Our goal in this project was to design a treatment that has the advantages of DNP as uncoupling factor, but with an ability to control the dangerous overheating. As DNP is a chemical molecule and as such it is very difficult to control its effect once it is in the body, we looked for a protein (which is easier to produce and control from within) that works in a similar way to that of DNP, and so we found UCP1.

Uncoupling protein 1 (UCP1) is normally found in the mitochondria of brown adipose tissue, and is used to generate heat. Its mechanism of action is very similar to that of DNP – it also works by uncoupling (as its name might suggest) the two processes needed to create ATP, but since UCP1 is a protein and not a chemical compound we had the ability to control its function and expression to our benefit. If we could make this process occur directly in the liver, where UCP1 is not naturally present, it could prove to be very useful for the fast degradation of unnecessary fat. The similarity between UCP1 and DNP also means that the end result of overheating will happen in both cases. So how could we prevent it from happening?

For that purpose, we used HSP70 promoter.

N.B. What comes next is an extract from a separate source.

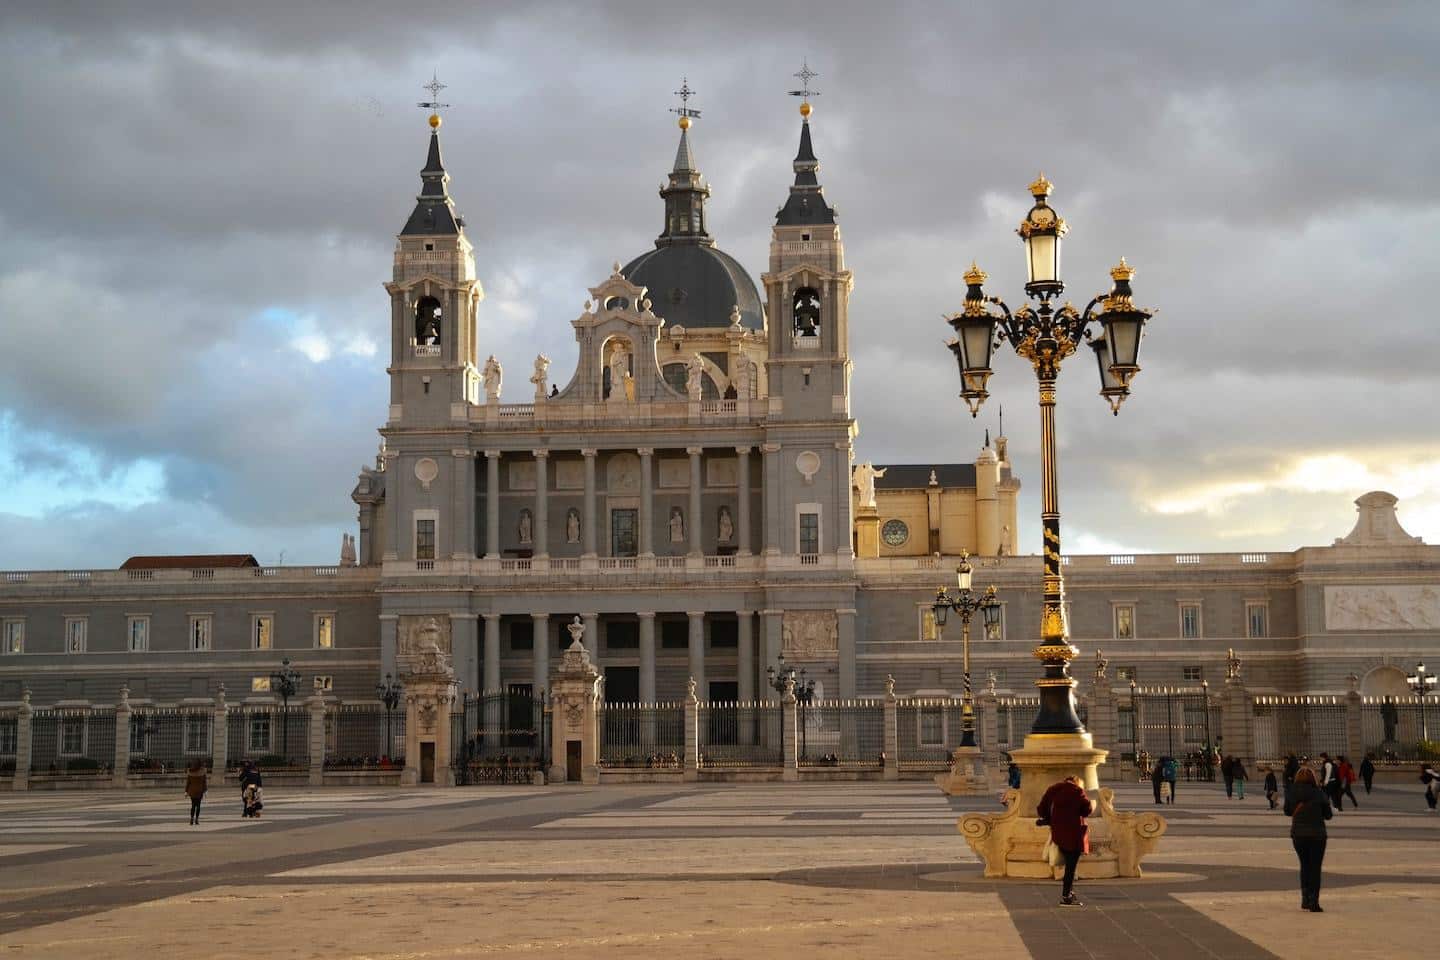 View of the large royal palace madrid from the plaza

HSP70 (heat shock protein) protects cells from deleterious stresses. Its expression is induced by various physiological stresses, including exposure to heat shock. The HSP70 promoter contains at least two regulatory domains; the distal domain has been shown to be responsive to heat shock (Wu, Kingston & Morimoto, 1986). The activity of the HSP70 promoter can be induced by moderate hyperthermia, reaching a noticeable function levels at around 39°C. We planned a genetic circuit with HSP70 promoter and a downstream repressor that will inhibit the synthesis ofUCP1.

As depicted in figure 1, the heat produced due to the activity of UCP1 will cause temperature to rise, activating HSP70 and inducing the synthesis of a repressor. This repressor will inhibit the synthesis of UCP1, and is its concentration in the mitochondrial membrane will be decreased due to natural protein degradation, As a result, the temperature will go down and the process could start again without reaching an endangering temperature.

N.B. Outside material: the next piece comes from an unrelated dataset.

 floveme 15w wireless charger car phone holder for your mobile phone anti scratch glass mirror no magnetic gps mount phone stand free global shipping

Click on the picture to check out the machanism

UCP1 under the regulation of CMV promoter is transfected into the liver cell.

Results

We used TMRM (tetramethylrhodamine methyl ester) to assess the ability of UCP1 to collapse membrane potential. Membrane potential-driven accumulation of TMRM within the inner membrane region of healthy functioning mitochondria results in a dramatic increase in TMRM-associated orange fluorescence. When the mitochondrial membrane potential collapses TMRM is dispersed throughout the cell cytosol at a concentration that yields minimal fluorescence upon excitation in the optimal wavelength region.

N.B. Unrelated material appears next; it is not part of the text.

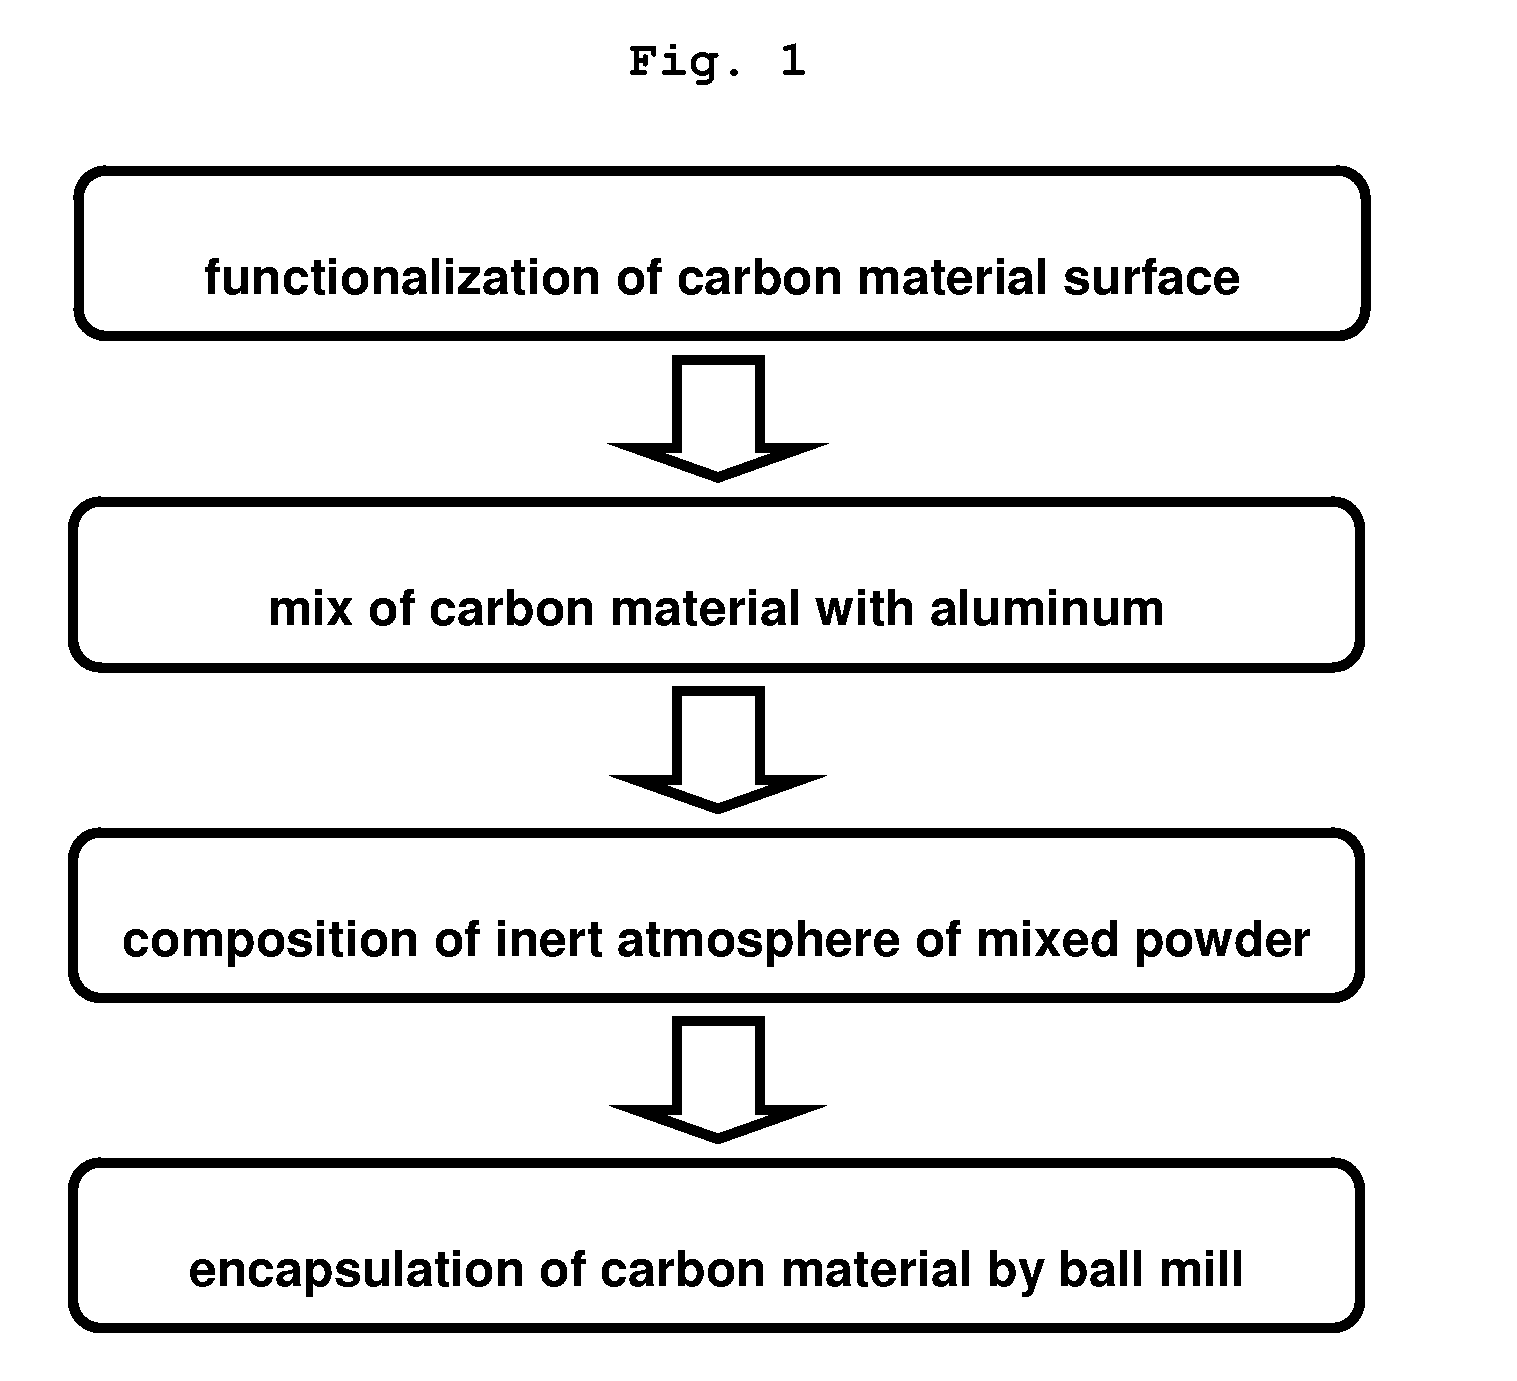 Encapsulation of carbon material within aluminum

The left series of pictures shows HepG2 cells treated with TMRM of different concentrations (left – white light, right – fluorescent), and the right series shows HepG2 previously transfected with pcDNA3.1 UCP1, also treated with TMRM of different concentrations.

There appears to be no visible difference between cells transfected with pcDNA3.1 UCP1 and the normal cell line. Also there was no difference between the different concentrations of TMRM, so next time we can use the lowest one (10 nM) or perhaps even lower.

Conclusions:

Using fluorescent microscopy with TMRM is a semi-quantitative method for the assessment of mitochondrial membrane potential. It could be that even if UCP1 was correctly expressed, it didn’t lower the membrane potential enough for us to see. Next time we could use spectrometry to more quantitatively assess the function of UCP1. Additionally, many times fatty acids are used for the activation of UCP1. We didn’t use fatty acids this time, and it might be the reason for the inactivation of UCP1.

References

Bugianesi, E., Moscatiello, S., Ciaravella, M.F. & Marchesini, G. (2010).  Insulin resistance in nonalcoholic fatty liver disease.  Curr Pharm Des 16: 1941-1951

Kozak, L.P. & Anunciado-Koza, R. (2008). UCP1: its involvement and utility in obesity. Int. J. Obes., 32 (Suppl. 7), pp. S32–S38

  • Wu, B.J., Kingston, R.E. & Morimoto, R.I. (1986). Human HSP70 promoter contains at least two distinct regulatory domains. Proc. Natl. Acad. Sci. USA 83: 629-633.